33 (66.0%) children with chronic tics and 8 (26.7%) children with transient tics had complaints of fatigue, general weakness, exhaustion, lethargy, and daytime sleepiness. It should be noted that the corresponding complaints arose during the school day and did not go away after rest. In the group of patients with transient tics, the average asthenia indicators were close to normal. The greatest severity of asthenia was noted in the subscales “general asthenia” and “mental asthenia” in the group of patients with chronic tics.

There were no significant differences between short-term memory indicators in the study groups. Indicators of long-term memory in children with chronic tics were significantly lower than in the control group and the group of children with transient tics (Table 1).


Table 1. Clinical and psychological indicators in the study groups Note. * — p<0.05 — significance of differences compared with the corresponding indicator in the control group; # — p<0.05 — significant differences compared to the group of children with transient tics.

The results of the TOVA test showed that children with tics had significantly reduced indicators of attention (omissions of reactions), more pronounced in the second half of the test. At the same time, in children with chronic tics the level of inattention was significantly higher. In addition, children with tics had a higher level of false alarms (erroneous button presses), associated with impulsivity, compared to children from the control group, while the observed changes increased significantly in the second half of the test. It should be noted that the second indicator turned out to be significantly higher in children with transient tics (Fig. 1).


Rice. 1. TOVA test scores in children with transient and chronic tics before treatment.

Analysis of EEG of patients in the study groups (Fig. 2)


Rice.
2. EEG power spectra in children with transient and chronic tics before treatment. showed that in the group with transient tics, the power of the theta range in the occipital-parietal leads of both hemispheres is statistically significantly greater ( p
<0.05) both compared to healthy children and compared to children with chronic tics (
p
<0.05). 05). Many children in this group at 6-7 years of age show subdominance of theta activity in the occipital leads of both hemispheres, while in children with chronic tics there are single (less often group) theta waves.

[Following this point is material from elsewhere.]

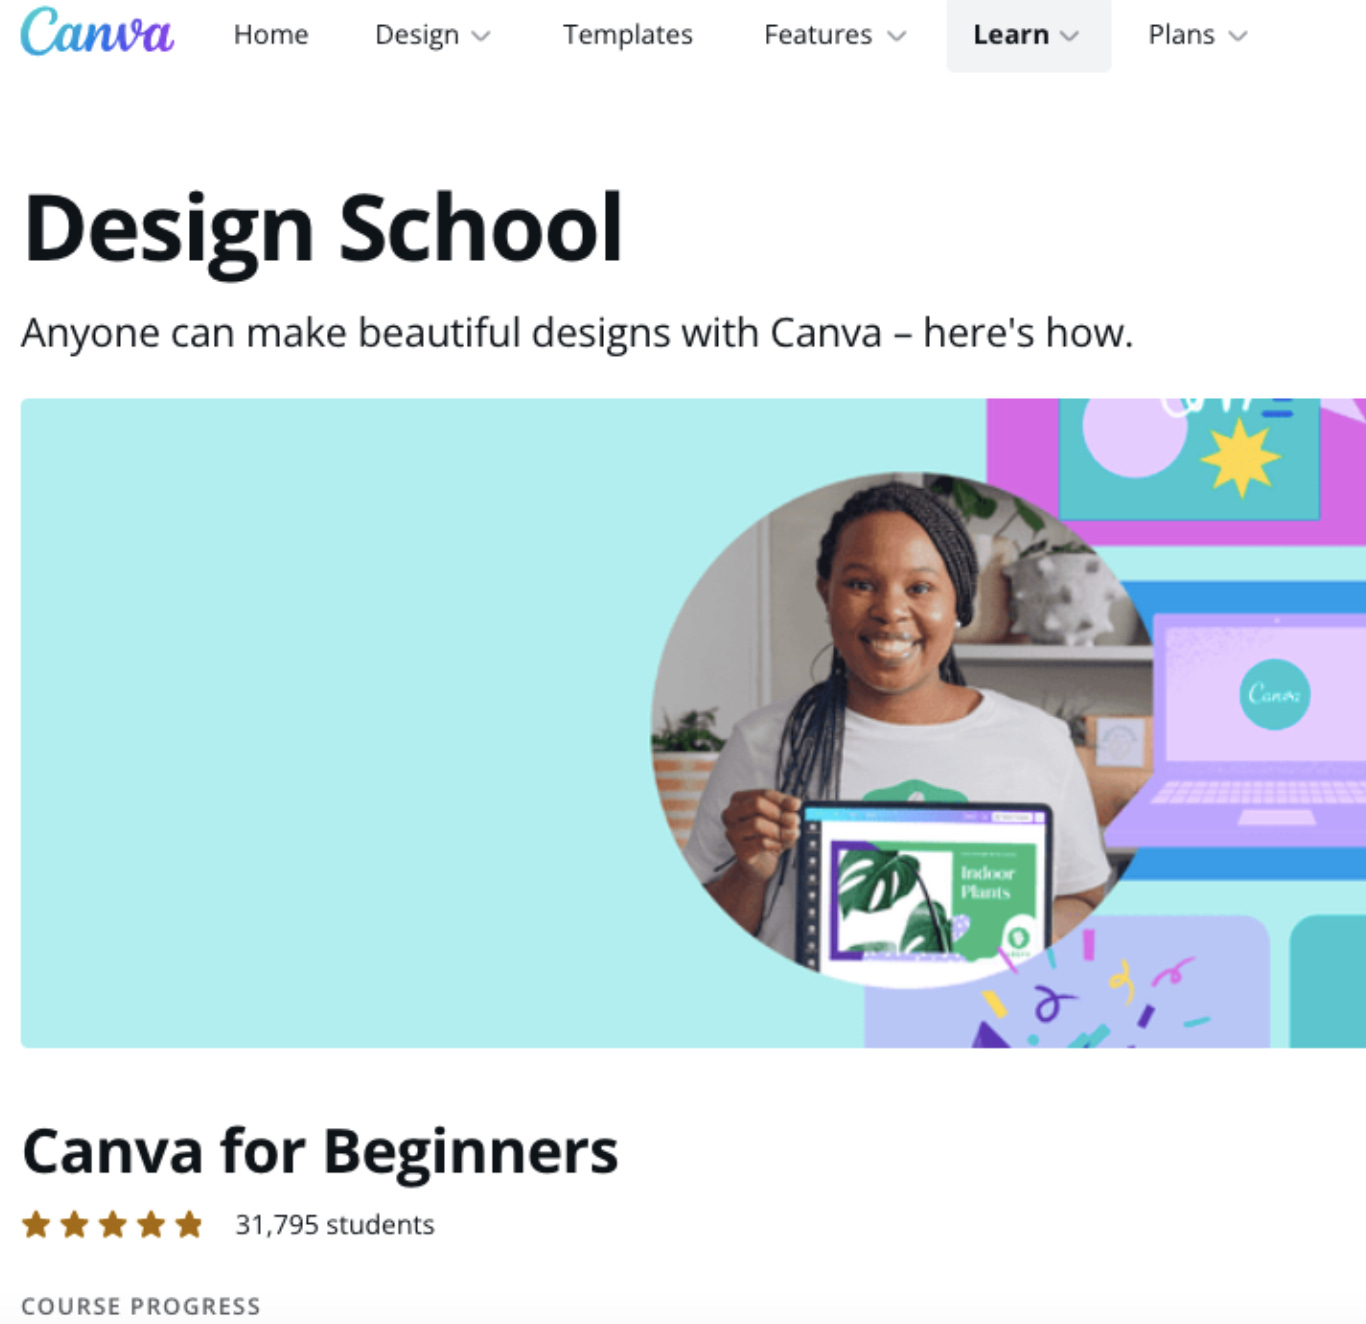 Canva for Beginners - Design School

When analyzing the alpha range in the occipital leads in children with chronic tics, a statistically significant ( p

<0.05) decrease in power compared to healthy children (see Fig. 2). One can also note a higher amplitude of the alpha rhythm in the posterior parts of both hemispheres compared to healthy children and children with transient tics. The majority of subjects in this group recorded higher values ​​of the peak frequency of the alpha rhythm (9-10 counts/s) compared to the indicators of the group of children with transient tics (7-7.5 counts/s).

Children with transient tics showed a statistically significant decrease in alpha band power compared to healthy children and children with chronic tics ( p

<0.05) (see Fig. 2). In most children, the amplitude of the alpha rhythm is not increased compared to healthy children.

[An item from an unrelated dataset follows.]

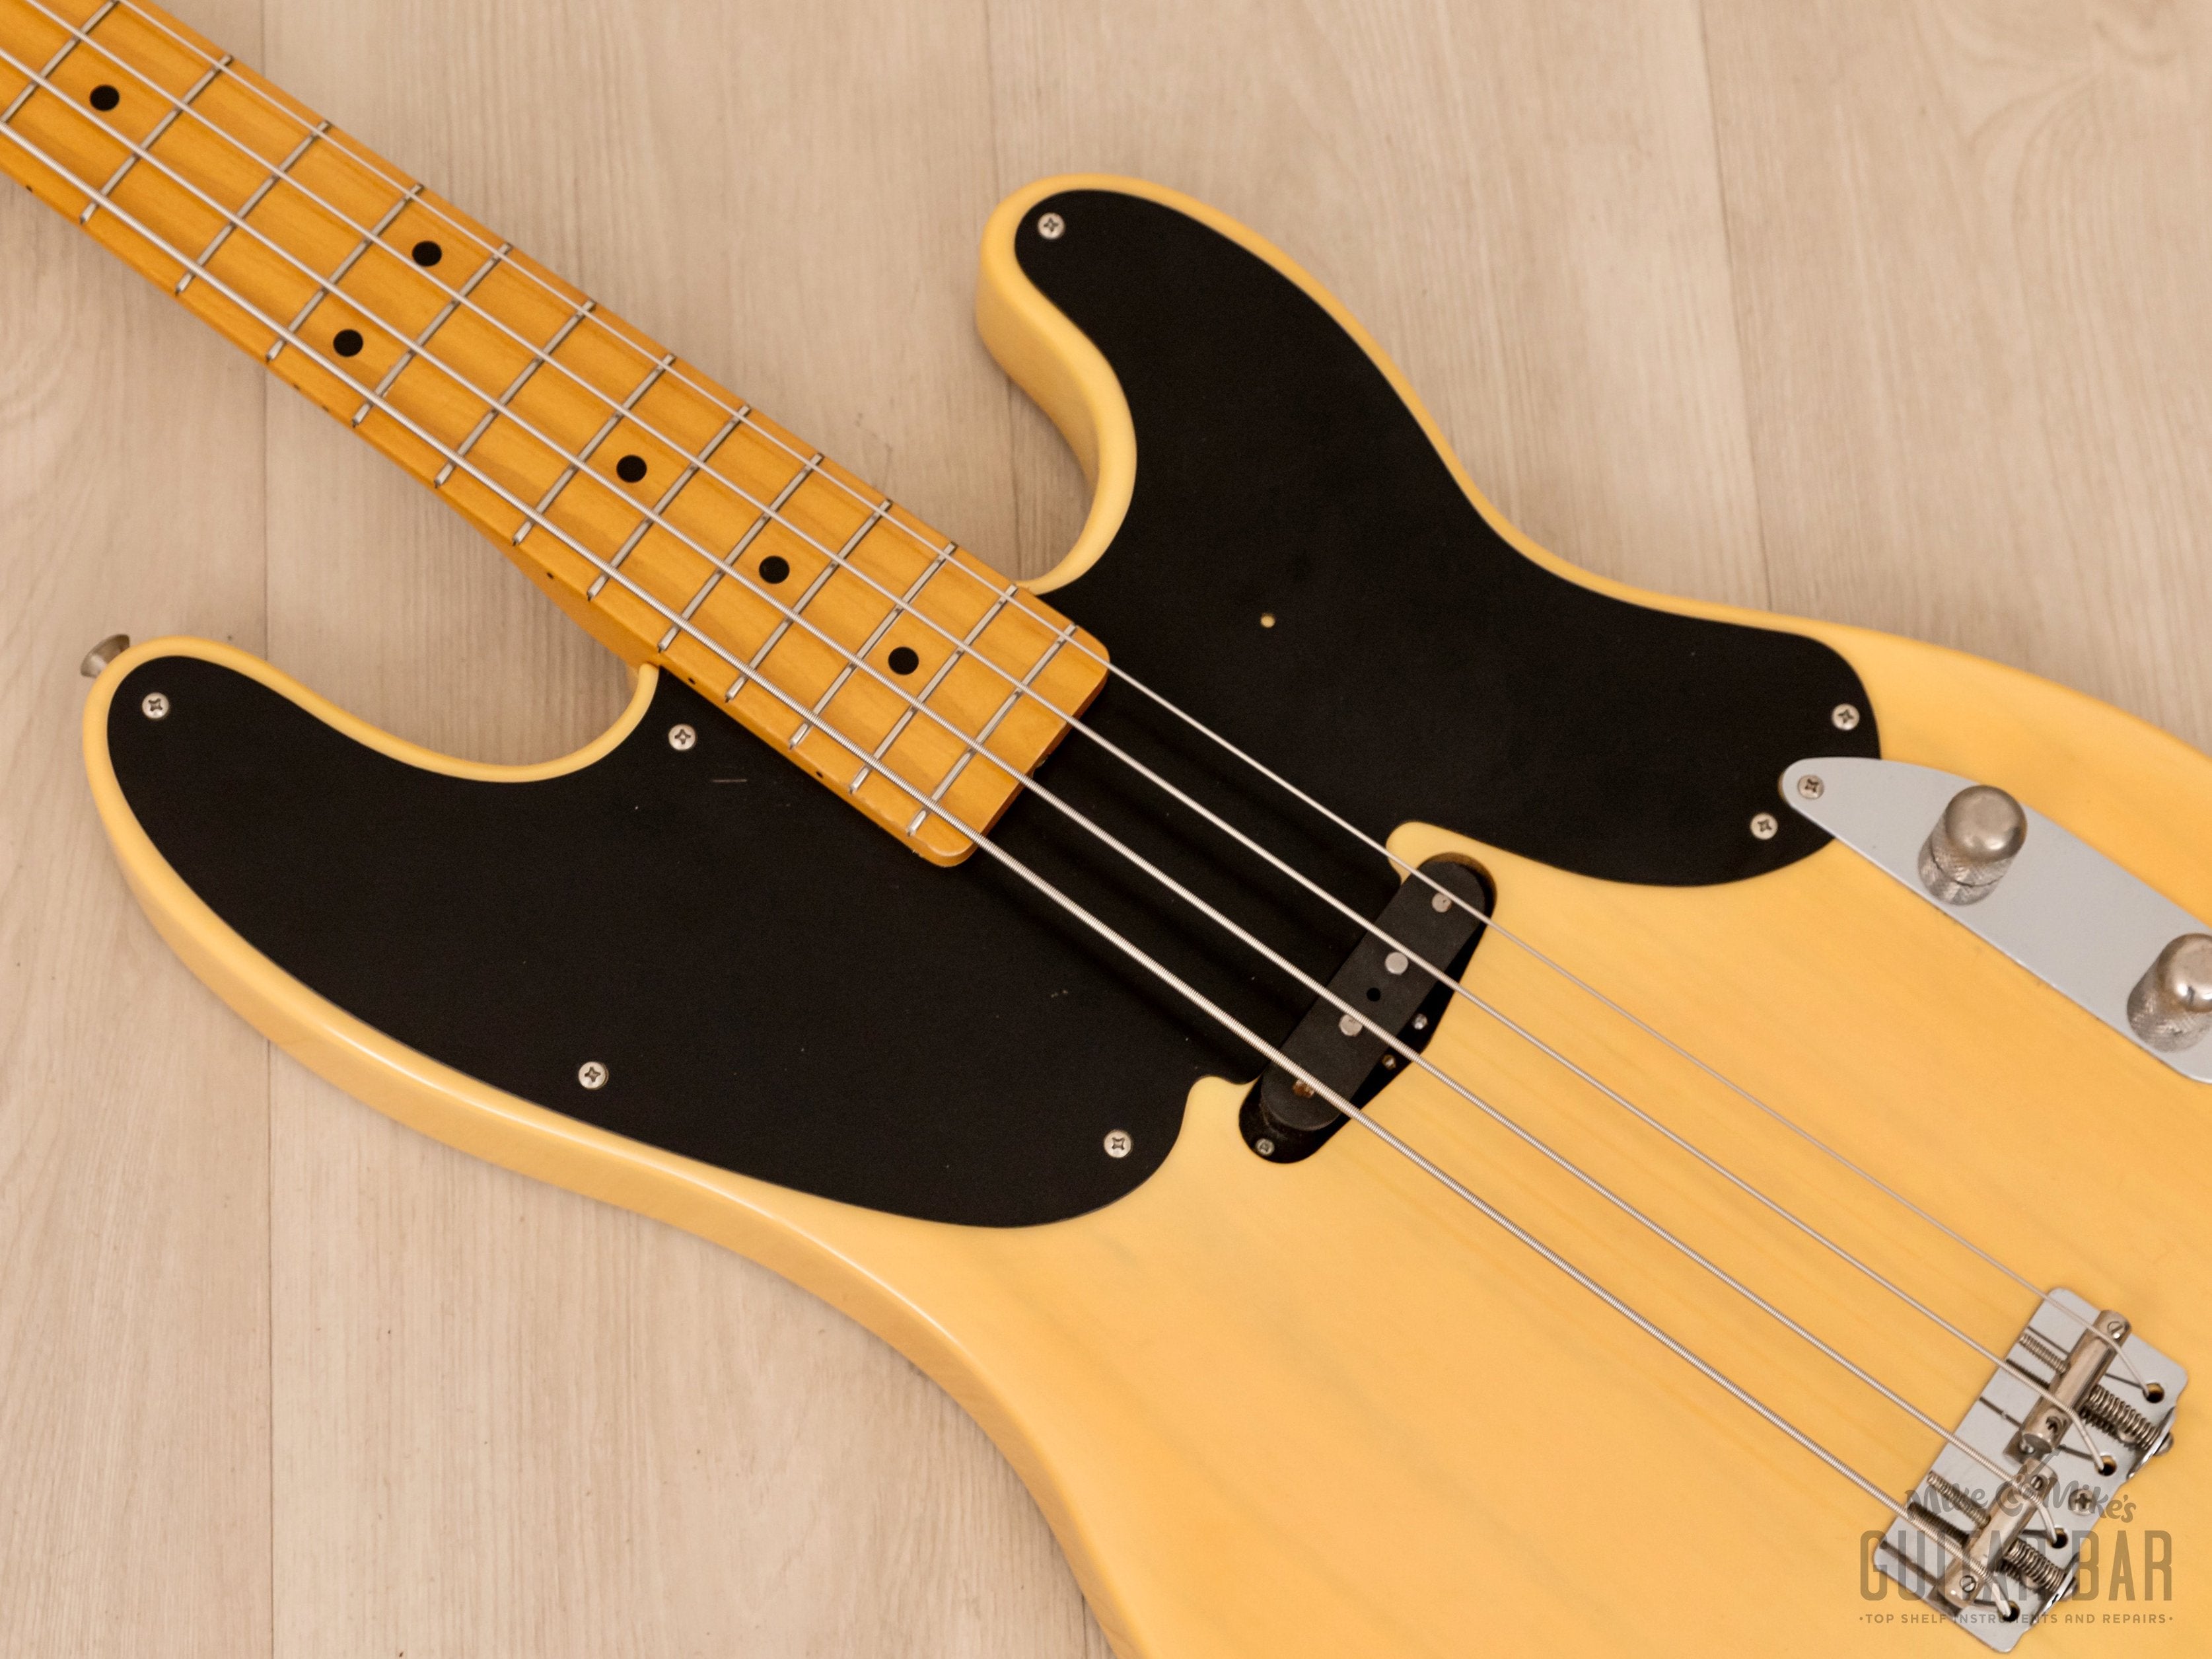 1991 Fender Precision Bass '51 Vintage Reissue Model OPB-51DM w/ USA Pickup, G&G Case, Japan MIJ Fujigen

In the frontotemporal leads of both hemispheres in children with chronic tics, a statistically significant ( p

<0.05) increase in alpha range power compared to healthy children. Many have noted a tendency for alpha activity to spread to the anterior parts of the cerebral cortex and episodes of rhythm synchronization in the alpha range.

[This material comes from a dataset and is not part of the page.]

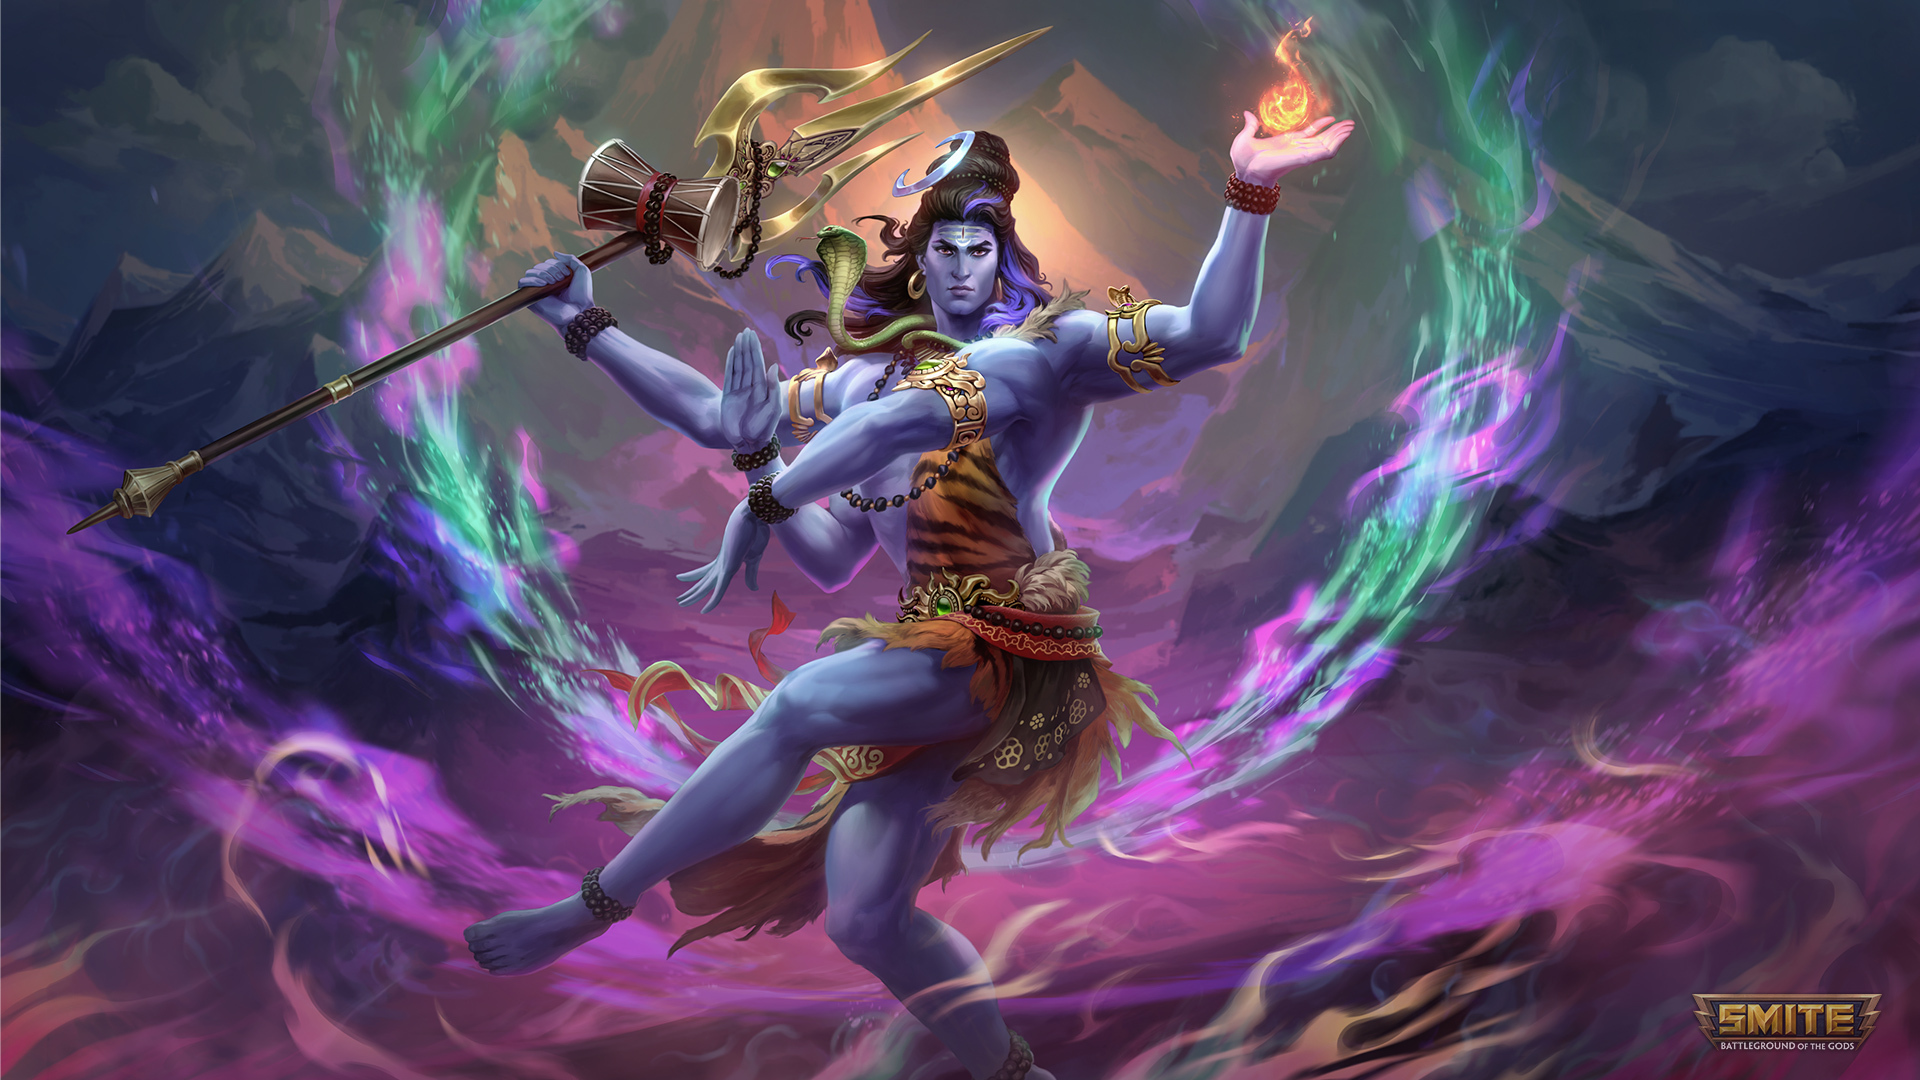 Smite's new god, Shiva, is now live - Dot Esports

In subgroup 1, after treatment, chronic tics decreased in 12 (60.0%) patients. The average frequency of tics on a 5-point TSGS scale after the course was 2.7±1.5 points (with a maximum frequency of 5 points), which indicates a significant improvement ( p

<0.05) (Table 2).


Table 2. Average clinical and psychological indicators in subgroups before and after treatment Note.
# — p<0.05 — significance of differences compared with the corresponding indicator before treatment; ## — p<0.01 — significance of differences compared with the corresponding indicator before treatment; * - p<0.05 - significance of differences compared with the corresponding indicator in group 1. After the course of treatment, asthenic symptoms decreased. No significant changes in memory indicators were recorded (see Table 2). A repeated study using the TOVA test after treatment revealed a statistically significant decrease in inattention and false alarms in the second half of the test (Fig. 3).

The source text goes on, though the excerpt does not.